Sold to Mercedes-Benz by an English collector, little is known about this particular model's origins – the registration plate 'IO 68' from Kildare, Ireland, is the only visible clue to the car's past.

Fifteen years later, while reading the newspaper in his Dublin home, John Murphy comes across a report of a vintage car rally that catches his eye. A 1902 Benz Spider bearing the registration plate IO 68 – "with an air of mystery" about it – is one of the cars taking part in the rally.

The car had been brought specially to Ireland from the Mercedes-Benz heritage fleet in Germany to take part in a vintage car rally to celebrate the 80th anniversary of the Gordon Bennett Motor Race.

"I knew that was grandad's car," John recalls, as he holds an original photograph of his grandfather, John P Murphy, in the driver's seat of the 1902 Benz Spider beside his wife Alice, taken outside their home in Rathangan, Co Kildare in 1905.

That newspaper report triggered a series of events that would eventually lead John to Mercedes-Benz in Stuttgart to be reunited with his grandfather's car and provide Mercedes-Benz with some vital details about the car's early life.

The car was, in fact, Ireland's first Mercedes-Benz, and its story begins at the turn of the last century, when John Peter Murphy of Murphy Brothers, Rathangan, was operating a thriving malting business, providing much valued employment in the town. He had a technical mind, putting the first diesel engine into a canal boat to transport malt to the Guinness plant in Dublin and, naturally, he had a keen interest in cars, too.

"I believe he paid 8,500 gold marks for the car. It was an awful lot of money at the time," says John. The car was used to power the threshing machines so the Benz Spider was a working car for the Murphys, as well as being one for recreation.

In the early 1900s, cars were a rarity on Irish roads. Only 16 years had passed since Carl Benz invented the automobile in Germany. The 1902 Benz Spider had two cylinders producing 15hp and a top speed of 60kmh.

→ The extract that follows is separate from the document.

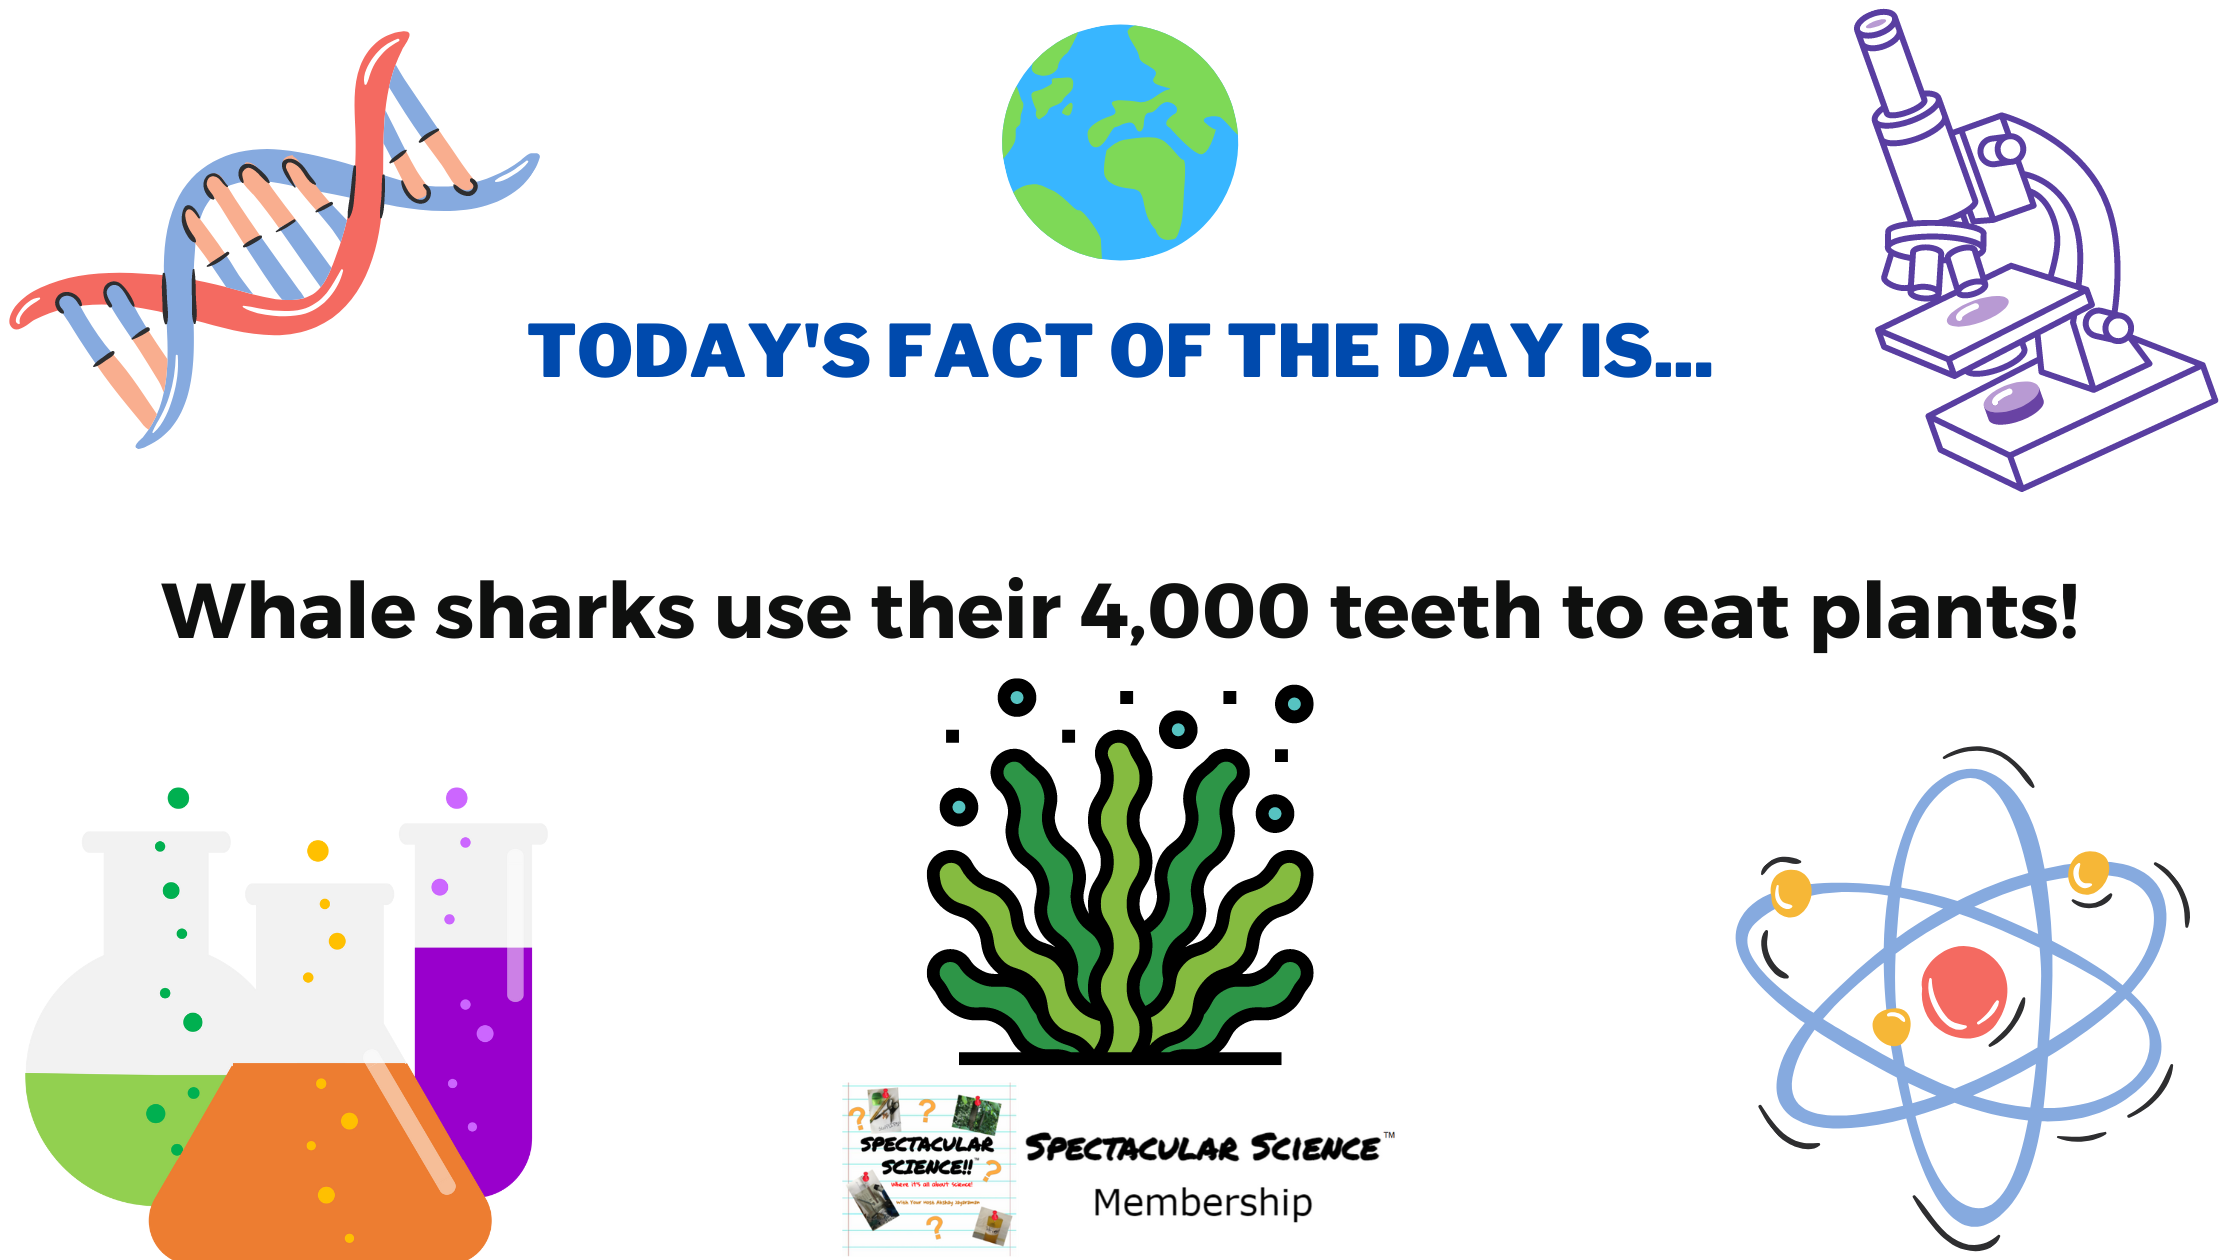 Fact of the Day Image August 3rd

While it is unknown what made John P Murphy choose the 1902 Benz Spider in particular, and how he went about importing it into Ireland, it was the first Benz to be delivered from the Benz factory to Ireland.

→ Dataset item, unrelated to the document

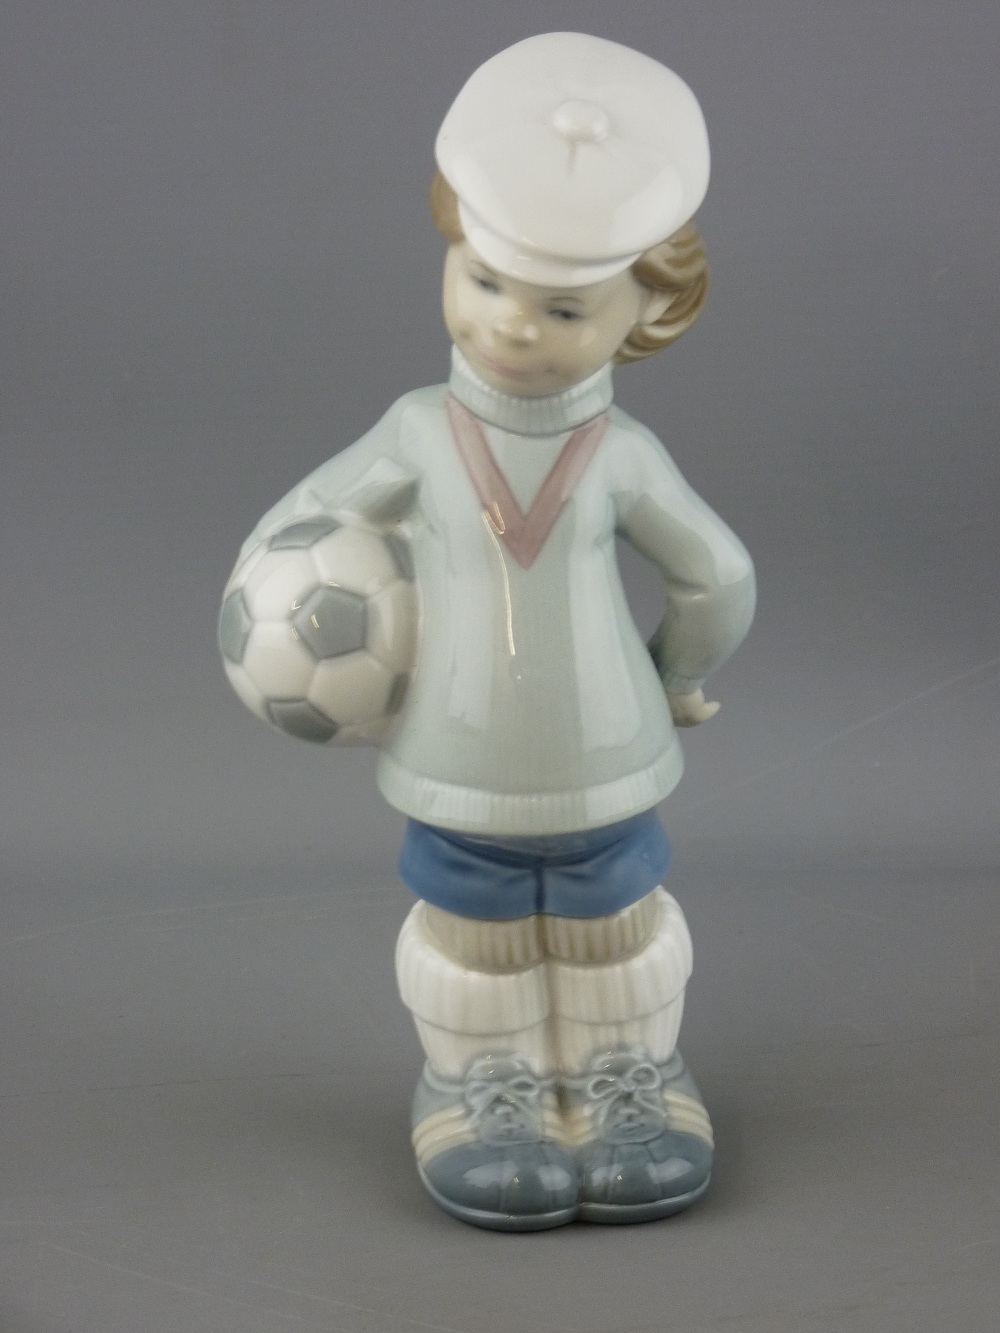 Lladro porcelain figurines of a young boy with football

John has vague memories of his grandfather's Benz Spider being stored beside bags of coal in the garage at his childhood home in Rathangan. The car was in the Murphy family's ownership for the best part of 50 years before being sold to Charles Taylor from Athy in the late 1940s, who paid the family £500 for it.

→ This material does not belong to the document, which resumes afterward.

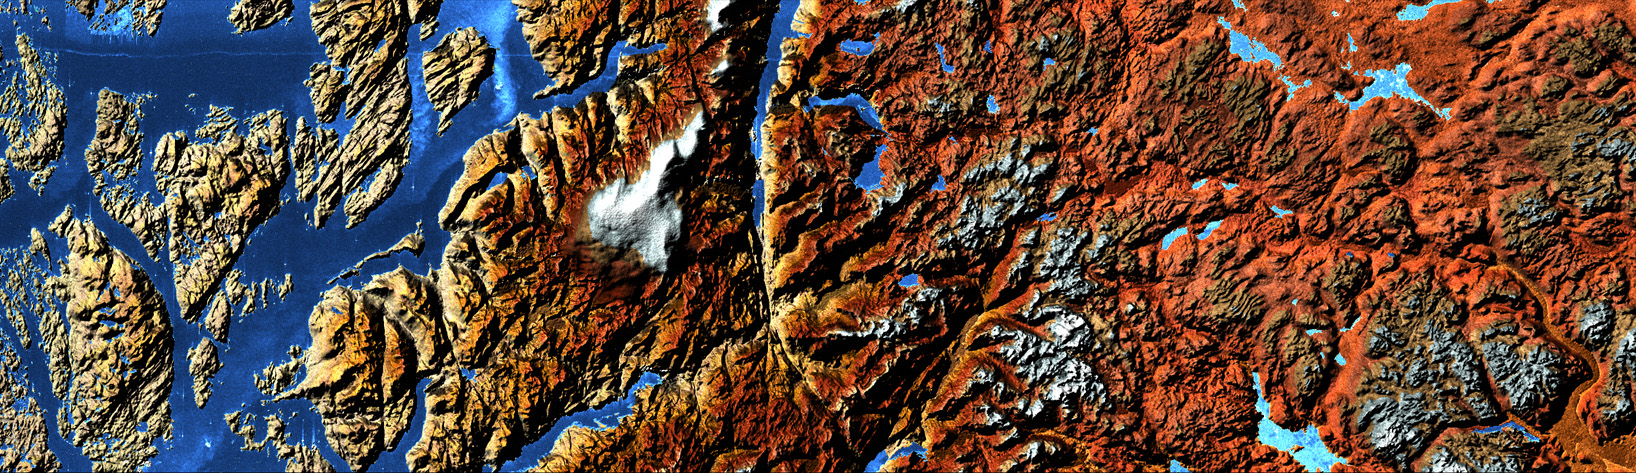 Hardangerfjord, Norway - related image preview

By the 1960s, the car had passed to an English collector, RG Sloan, who sold the car to Mercedes-Benz in 1968 to raise funds to build a hotel.

Today, the car is of huge value to Mercedes-Benz, as Christoph Knecht of Mercedes-Benz Classic explains: "The car had a front-mounted, horizontal opposed-piston two- cylinder engine with chain drive to the rear wheels. With this 15 hp engine, it had a climbing ability of 20 per cent and top speed of nearly 60 kmh. In this configuration, it is a unique car in our collection."

It has been displayed in the Mercedes-Benz Museum in Stuttgart and, in 2006, John and his daughter Sharon visited Mercedes-Benz to see the car. In the intervening years, Mercedes-Benz has taken part in a number of vintage car rallies with the 1902 Benz Spider, including the London-Brighton Run.

The 1902 Benz Spider now lives a charmed life as a much respected member of the Mercedes-Benz heritage fleet. One would think that IO 68 would be settling into retirement now, but Mercedes-Benz has other plans for the 1902 Benz Spider – to take part in a historic 60-mile run from Hyde Park in central London to the seafront in Brighton on the Sussex coast next year.

"We are preparing the car for the London-Brighton Run in 2014. That means we are overhauling the technical components like the engine, gearbox and the brake system," says Knecht.

In preparation for this historic outing, the Benz Spider has revealed yet another secret. The car was painted yellow weeks before Mercedes-Benz bought it in 1968 but they suspected that this was not the original paintwork.

"We had doubts that the bright yellow was the right colour. During the overhauling of the car we carried out a spectroscopic analysis on the old paint and found out that the original colour scheme was bicolour; we call the colour purple/sand yellow," says Christoph.

IO 68 has been on quite a journey from the early days with the Murphys in Rathangan. The London Brighton Run in 2014 will be just another chapter in the very interesting story of a car that keeps revealing a little more of itself as the years go by.